Литмир - Электронная Библиотека

Наконец Нанета пришла звать его обедать. В дверях и на последней ступеньке он еще бормотал:

– По восьми процентов… и, если дело удастся… в два года будет у меня два миллиона… и чистым золотом, чистым золотом!.. Ну, где же племянник?

– Да он говорит, что не хочет обедать, сударь, – отвечала Нанета. – Ведь это нездорово, сударь.

– Тем лучше, тем лучше: больше экономии.

– Да, пожалуй, – сказала служанка.

– Ба! Наплачется, проголодается! Голод из лесу волка выживет.

Обед был молчалив и скучен.

– Друг мой, – сказала г-жа Гранде, когда сняли скатерть, – нужно нам надеть траур.

– Право, вы не знаете, наконец, что выдумать, куда бы деньги тратить, госпожа Гранде! Траур должен быть в сердце, а не на платье.

– Но, друг мой, траур по родном брате необходим, и даже церковь приказывает…

– Ну, так управьтесь там на шесть луидоров, вот что я дал, а мне дайте кусок крепа, с меня будет довольно.

Евгения молча возвела глаза к небу. В первый раз в жизни все святые и благородные ее верования были унижены и поруганы словами старого скряги.

Хотя наступивший вечер был, по обыкновению, похож на все вечера, проводимые в этом доме, но при всем том он был самый скучный и долгий.

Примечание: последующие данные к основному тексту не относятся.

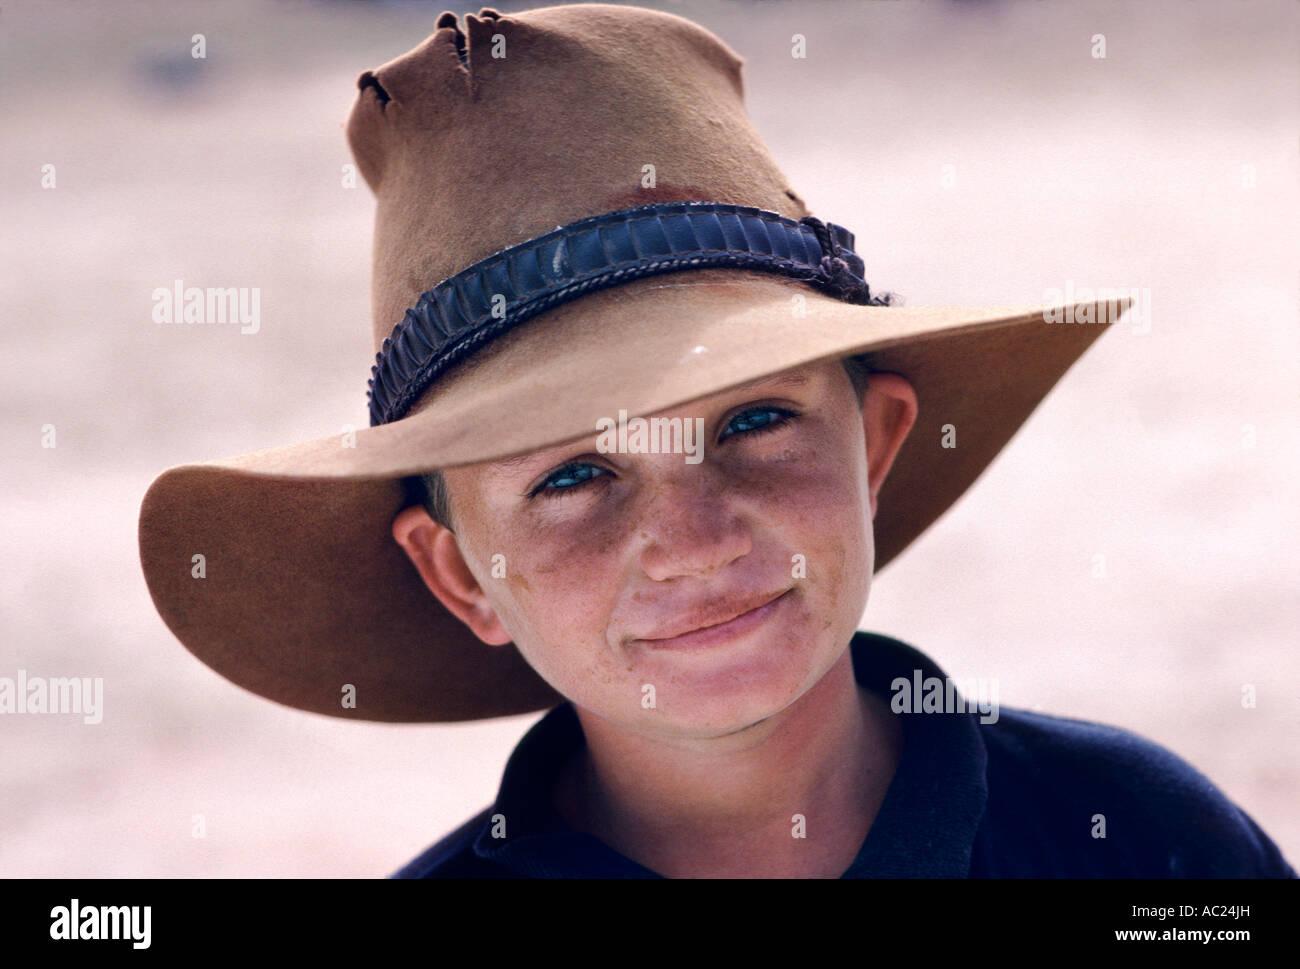 1815fe4f8b8 Face Akubra Hat Stock Photos   Face Akubra Hat Stock Images - Alamy

Евгения сидела, не отрываясь от работы и не дотрагиваясь до ящичка, подаренного ей накануне. Мать вязала свои шерстяные рукава. Гранде вертел пальцами битых четыре часа, погруженный в свои расчеты. Результаты их должны были удивить весь Сомюр с его округом.

Из гостей никто не являлся; в это время весь город только и говорил, что о штуке, сыгранной стариком Гранде, о банкротстве его брата и приезде племянника. Все были у де Грассенов; все собрались поболтать о делах, о винограде, о голландцах, и тут-то раздавались самые страшные выходки против старого бочара, который преспокойно смеялся в своем углу над всем городом.

Нанета пряла, и один шум колеса в самопрялке нарушал семейное безмолвие.

– Мы не теряем слов, нечего сказать, – проговорила Нанета, усмехнувшись и показав ряд огромных белых зубов своих.

– Ничего не нужно терять, – отвечал Гранде, стряхнув с себя нули, цифры, итоги и расчеты.

В перспективе блистали перед ним четырнадцать миллионов, и не далее как через три года; душа его плавала, грелась над кучами золота.

– Пойдем спать! Я за всех пойду прощусь с племянником. Не хочет ли он есть, в самом деле?

Г-жа Гранде остановилась в коридоре, чтобы послушать, что будет наверху. Более храбрая Евгения взбежала на две ступеньки.

– Ну что, племянничек, плачешь? Плачь, плачь! Что делать! Отец все-таки отец, но нужно все сносить терпеливее, друг мой. Вот ты здесь плачешь, а я о тебе забочусь, я старый добряк, друг мой. Ну, ну, поободримся немного; не хочешь ли стакан вина? В Сомюре вино подается даром, в одной цене, что чай в Китае. Но у тебя и свечки-то нет?.. Дурно, дурно! Нужно, чтобы было светло всегда, везде и во всем. – Гранде подошел к камину. – Ого, восковые свечи! И где это, черт их знает, они отрыли восковые свечи! Эти дуры сломают весь пол на дрова, чтобы сварить яичницу этому малому!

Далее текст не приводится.